Читаем Субсистенциализм полностью

Теологам с их теологическим эсхатологическим оптимизмом в так поставленном вопрошании делать нечего. Рай, загробная жизнь, ад и прочие трансцендентные объекты решительно отличаются от абсолютно автономных объектов, о которых я говорил выше, именно тем фактом, что относительно автономный объект (ОАО) «Загробная жизнь» предполагает продолжение животворящего спектакля после того, как занавес опущен. То есть в загробной жизни жизнь продолжается, там есть кому включить свет. Но, спрашивает субсистенциалист, если бог есть, то какой смысл этот бог вложил в ААО «Внезапное уничтожение всего живого»? Со смертной живой единицей все понятно, вариантов осмысления цепи рождений и смертей предостаточно, экзистенциальных смыслов здесь легион. Однако нет ни единого ответа на вопрос, какой смысл в уничтожении всего живого, которое при этом не погибает, а воскресает в другом мире? Неужели творение от единицы выращивало людей до миллиардов, чтоб в один прекрасный момент прихлопнуть их всех галактической мухобойкой?

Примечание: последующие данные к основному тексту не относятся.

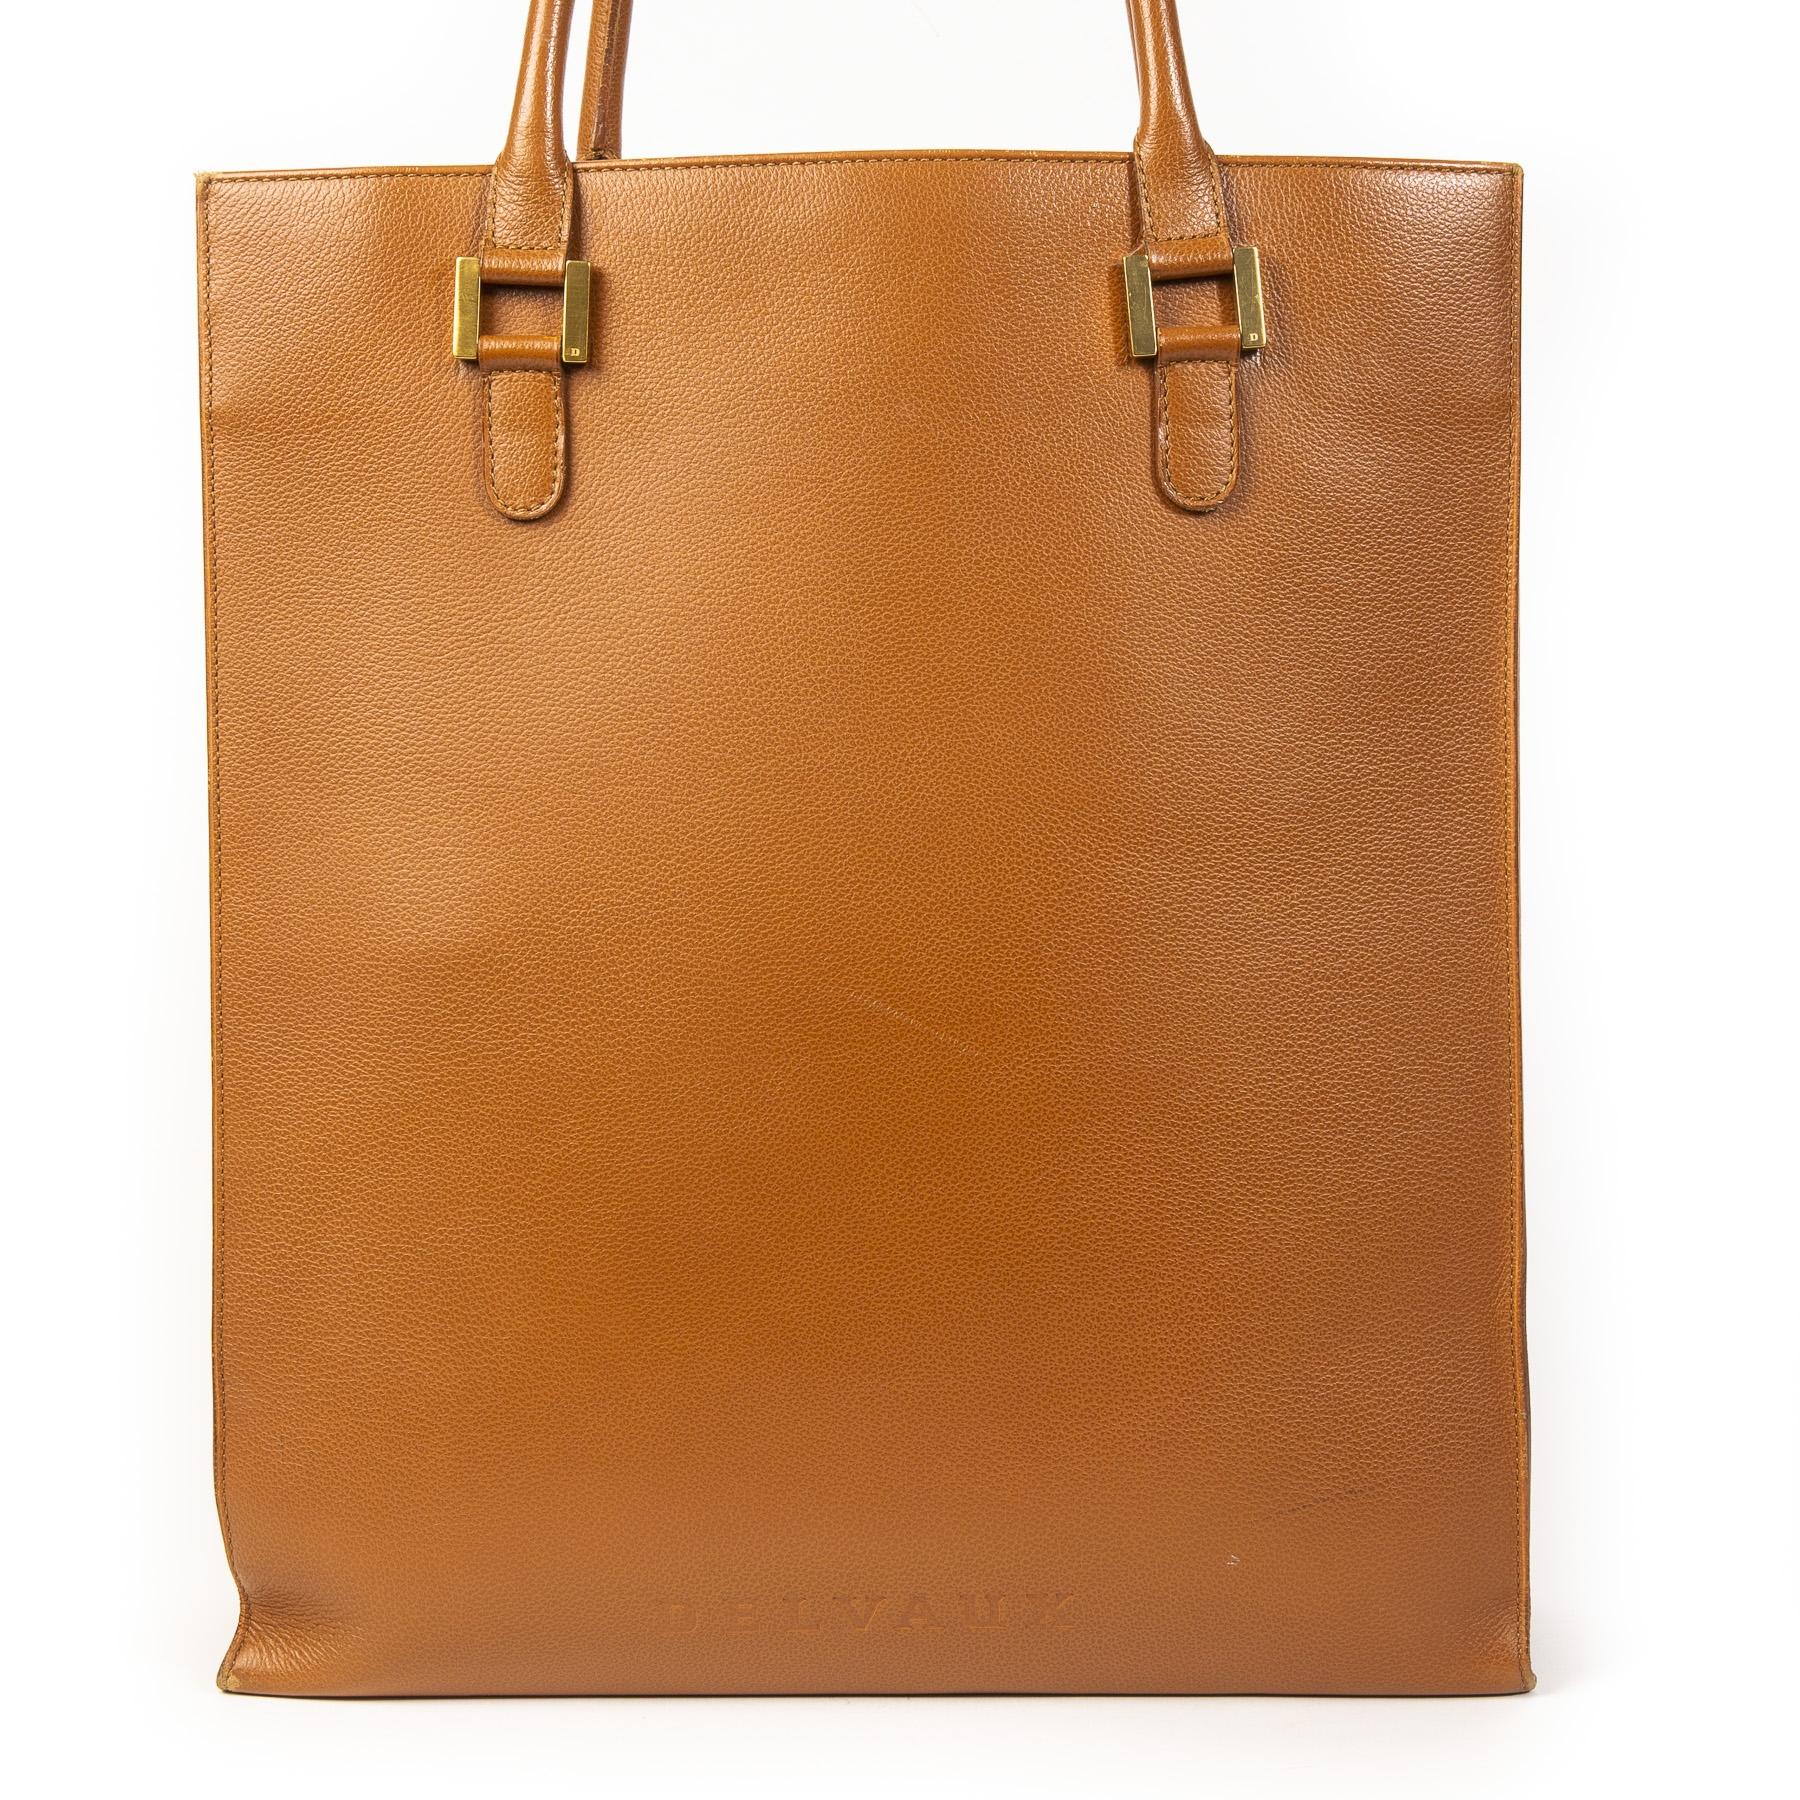 Authentieke Tweedehands Delvaux Cognac Leather Tote Bag juiste prijs veilig online shoppen luxe merken webshop winkelen Antwerpen België mode fashion

Итак, субсистенциализмом я называю субсистенцию устойчивости благодаря самому себе; от лат. subsistere «быть» устойчивым, «существовать» благодаря самому себе. Термины «бытие» и «существование» взяты в кавычки, потому что они по смыслу противоположны термину «субсистенция». Субсистировать означает «существование» объектов в иной реальности, где объекты сохраняют устойчивость [благодаря самим себе]. Определенный объект, например сосна, во всех своих изменчивых манифестациях (неважно для кого или для чего она является) суть устойчивая [благодаря самой себе] одна и та же сосна постольку, поскольку (выскажу сразу основной пункт субсистенциализма) сосна устойчива не в сознании ее представляющем, а как она сама субсистирующая [благодаря самой себе].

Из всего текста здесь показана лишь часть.